Introduction

Breast cancer is the most common malignancy and the leading cause of cancer-related death in women worldwide [1, 2]. Despite early detection and improved treatment, breast cancer still accounts for 15% of cancer-related deaths [3]. Treatment effects differ between patients and breast tumours are known to become therapy-resistant, necessitating new treatment modalities [4, 5].

Increasingly, it is becoming clear that tumour-associated macrophages (TAMs) in the tumour microenvironment are involved in breast cancer development, progression and therapy response [6,7,8]. Therefore, they may become a target for therapy [9,10,11]. Macrophages can be characterized as classically activated anti-tumour M1-like macrophages and alternatively activated pro-tumour M2-like macrophages [12, 13]. TAMs in the breast carcinoma microenvironment predominantly display the M2-like phenotype. Preclinically, they promote tumour growth, invasion, metastasis, angiogenesis and therapy resistance [14,15,16,17,18,19,20,21].

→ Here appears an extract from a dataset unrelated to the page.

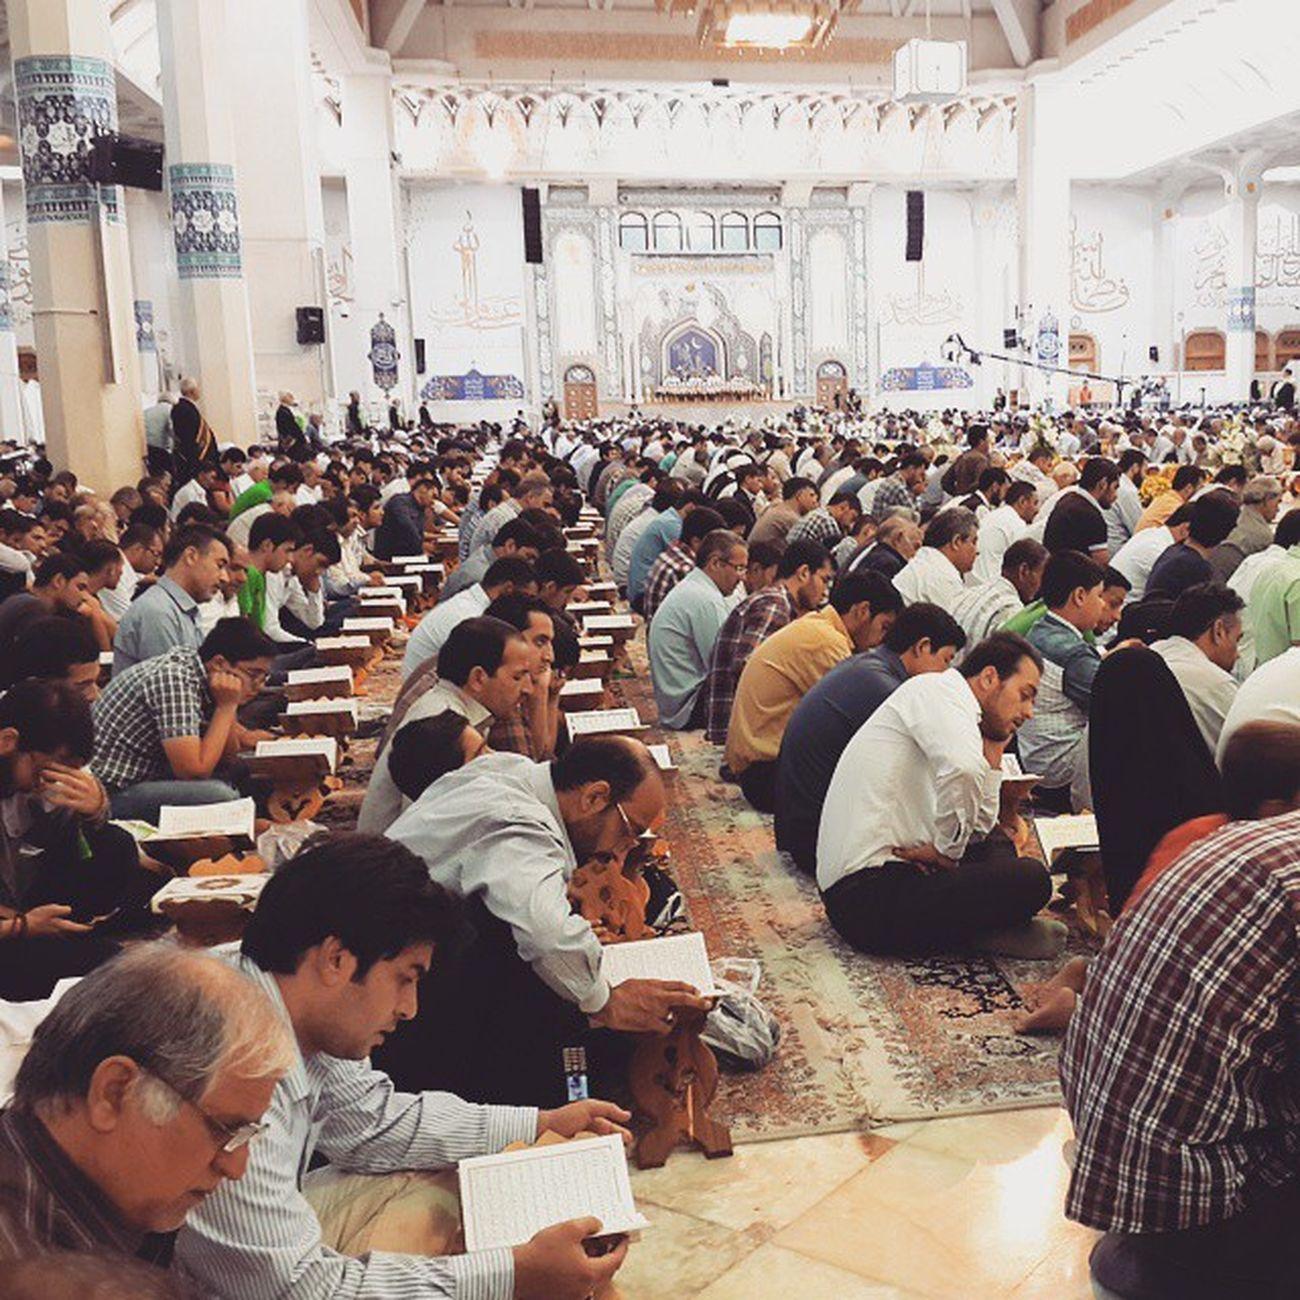 . جزء خوانی قرآن_کریم در ماه رمضان حرم حضرت_معصومه سلام_الله_علیها قم . . هر کی قرآن میخونه تو این ماه حتما یه وقت کوچیک هم بزاره برای خونده ترجمه قرآن، اگه وقت بزاره برای خوندن تفسیر که فوق العاده میشه به_جون_بچه_هام التماس_دعا

In an in silico analysis of publicly available gene expression profiles of 7270 primary tumours of patients with non-metastatic breast cancer (prior to any treatment), we previously found that a higher fraction of M0 macrophages was associated with shorter disease-free survival (DFS) and overall survival (OS) in oestrogen receptor (ER)-positive disease, while a higher fraction of M1 macrophages was associated with a higher pathological complete response rate and prolonged OS [22]. Assessing the ratio between TAM subset numbers in breast cancer subtypes is therefore likely of importance.

Unfortunately, TAM subsets’ most optimal immunohistochemical detection method is unknown, and the clinical implications of the immunohistochemically defined subsets are unclear. Moreover, most studies to date do not distinguish between M1-like and M2-like TAMs, and studies assessing their ratio or comparing the multiple M2-like macrophage markers in breast cancer subtypes are lacking [23, 24].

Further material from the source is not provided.